Disaster Risk and Resilience in the light of gender inequalities

Disaster Risk and Resilience in the light of gender inequalities

Women are not vulnerable in itself and hurricanes, megafires or floods are not misogynistic: a foregone conclusion that should not make us forgetting that we are not all affected equally by natural or man-made disasters. Understanding how gender inequalities drive disaster impacts, and vice versa, is the only way to implement effective policies for building a strong and inclusive resilience.

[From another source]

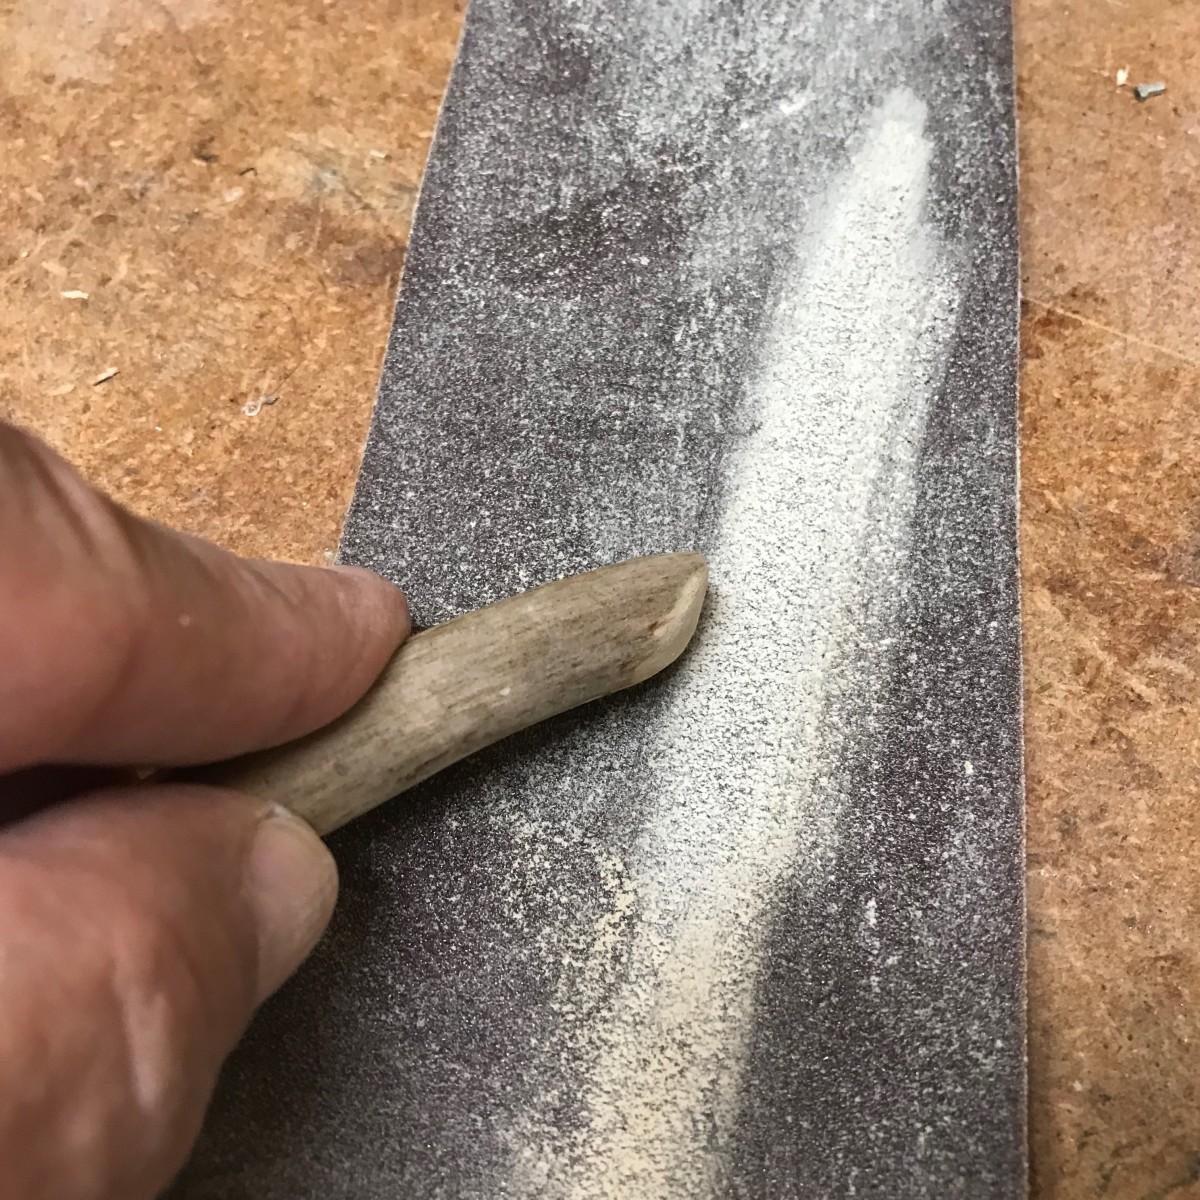 Fine sanding

1 - On Disaster Risk (Management)

 

"Men and women, boys and girls have different experiences of disasters. Gender dynamics impact both the way they are affected by disasters and their capacity to withstand and recover from them. Gender inequalities can result in gender-differentiated disaster impact, and differentiated impacts can influence gender dynamics, which in turn affect future resilience to shocks. Disaster risk management policies are designed to maximize results, taking local conditions - including gender dynamics - as fixed. When women and men are affected differently by disasters, practitioners and policy makers have a responsibility to use the tools available for mitigating disaster impacts to close gender gaps in outcome. An improved understanding of the gender dynamics of disaster risk and resilience also allows for better policy and program design, which benefits all stakeholders", say the authors of the Report Gender Dimensions of Disaster Risk and Resilience – Existing Evidence published by The World Bank - The Global Facility for Disaster Risk Reduction and Recovery (GFDRR).

When a calamity occurs, disasters impacts and gender inequalities are partially overlaid on each other and drive each other, producing the gender-differentiated impacts of disasters that affect so negatively the women regarding their exposure, vulnerability, prepareness and coping capacity, not forgetting that such gender-differentiated impacts can worsen their resilience to future disasters!

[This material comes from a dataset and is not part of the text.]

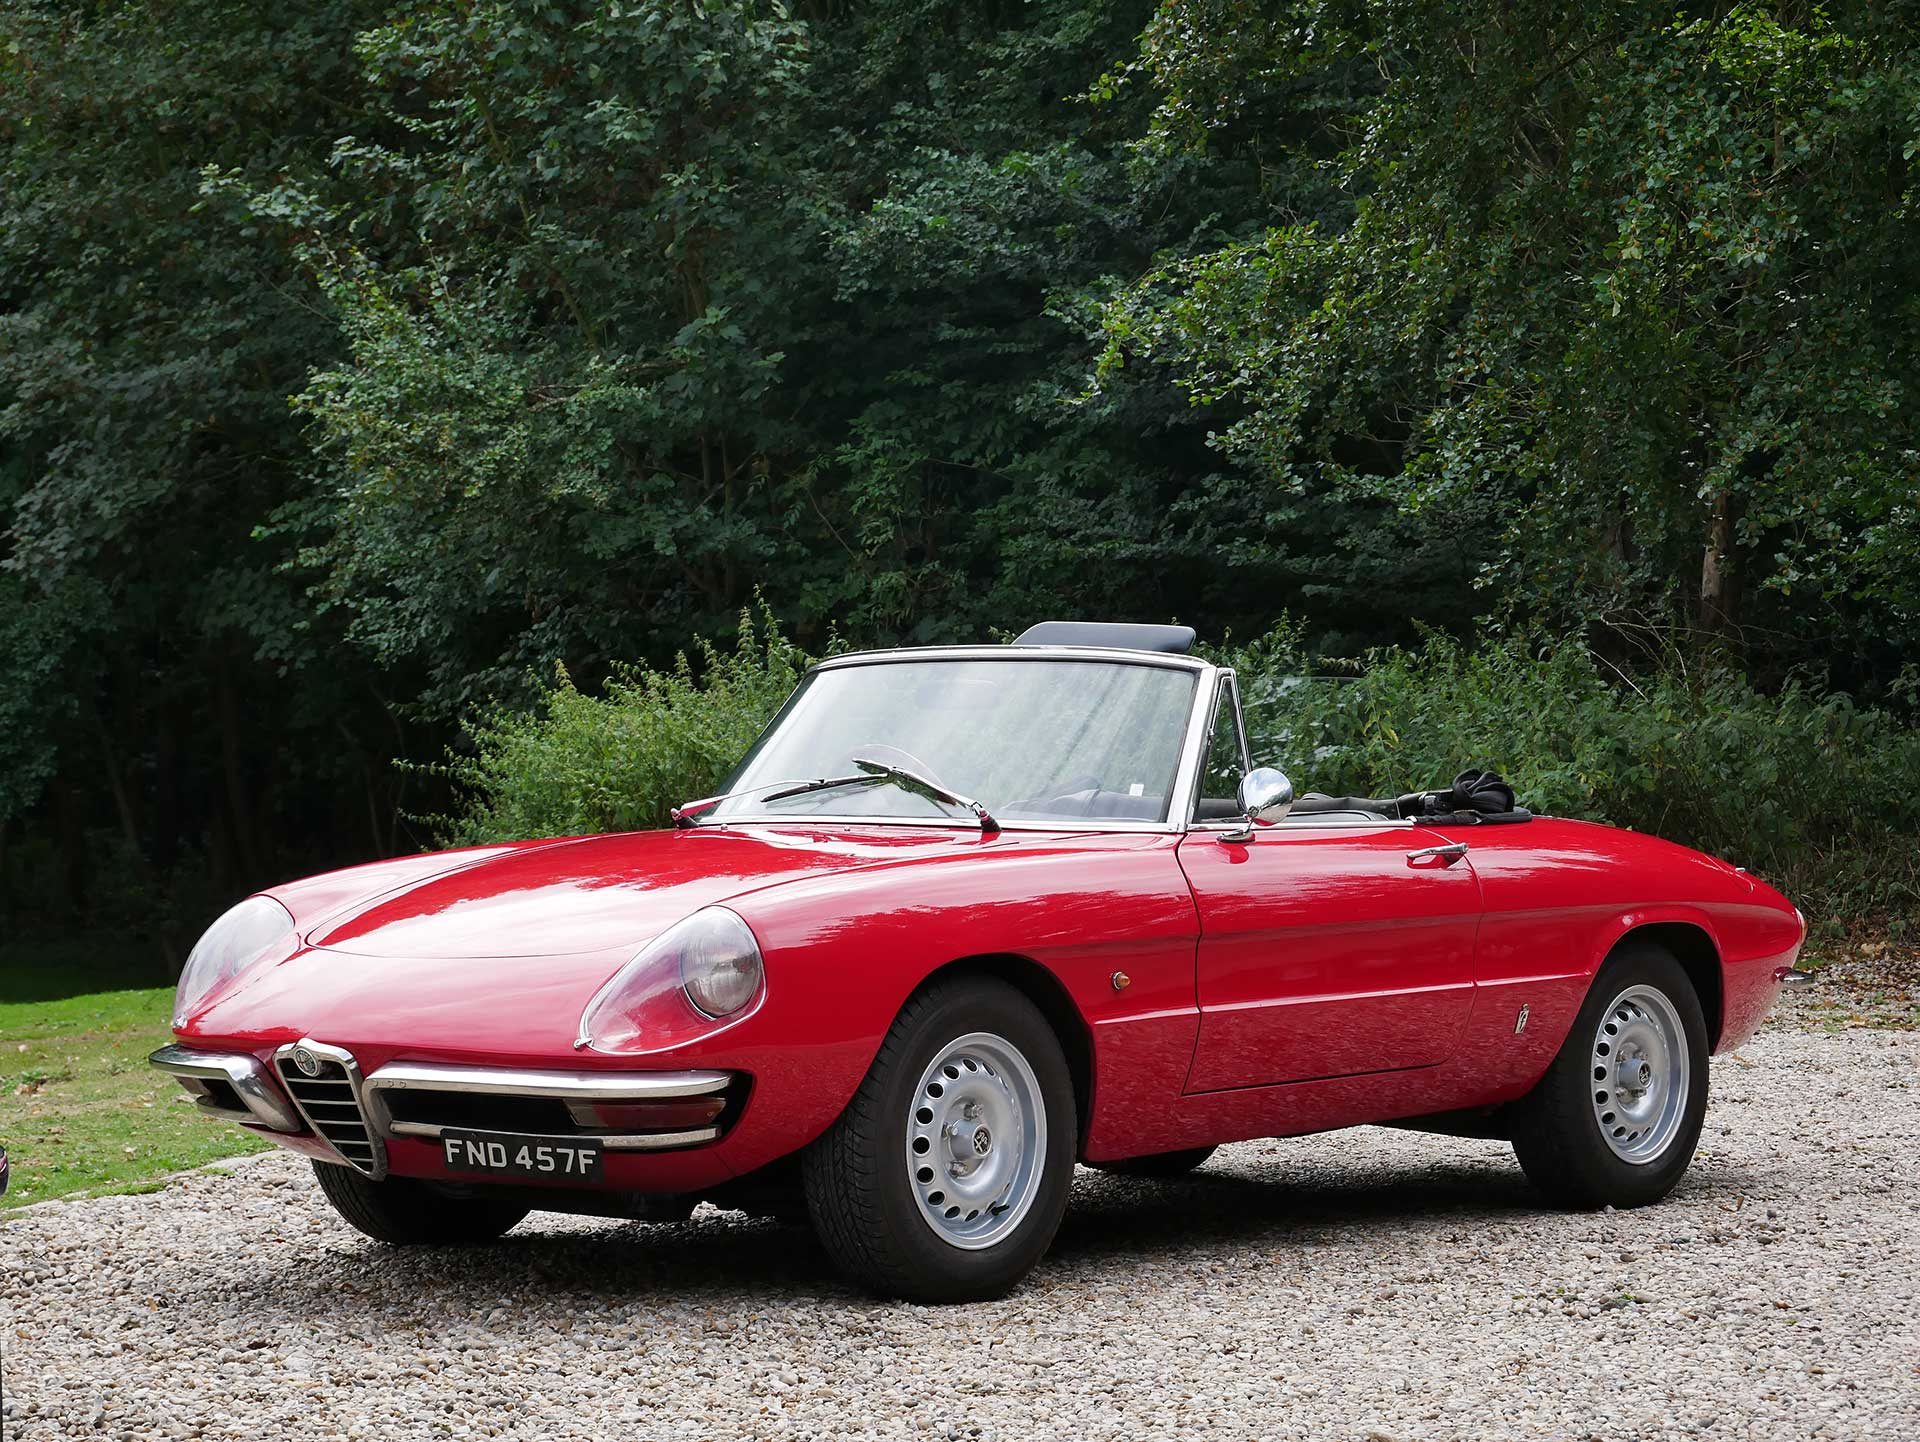 Alfa Romeo Used Car Price Comparison 1972 To 2018 Dan S Things

And for good reason, twenty years later, the three takeaways highlighted by Eric Neumayer and Thomas Plümper in their article The Gendered Nature of Natural Disasters: The Impact of Catastrophic Events on the Gender Gap in Life Expectancy, 1981–2002, including that (i) natural disasters kill more women than men or kill women at an earlier age than men, (ii) the stronger the disaster, the more severe impacts on female life expectancy, (iii) higher women's socioeconomic status, the weaker is this effect on the gender gap in life expectancy, are still topical and show how "the socially constructed gender-specific vulnerability of females built into everyday socioeconomic patterns [leads] to the relatively higher female disaster mortality rates compared to men".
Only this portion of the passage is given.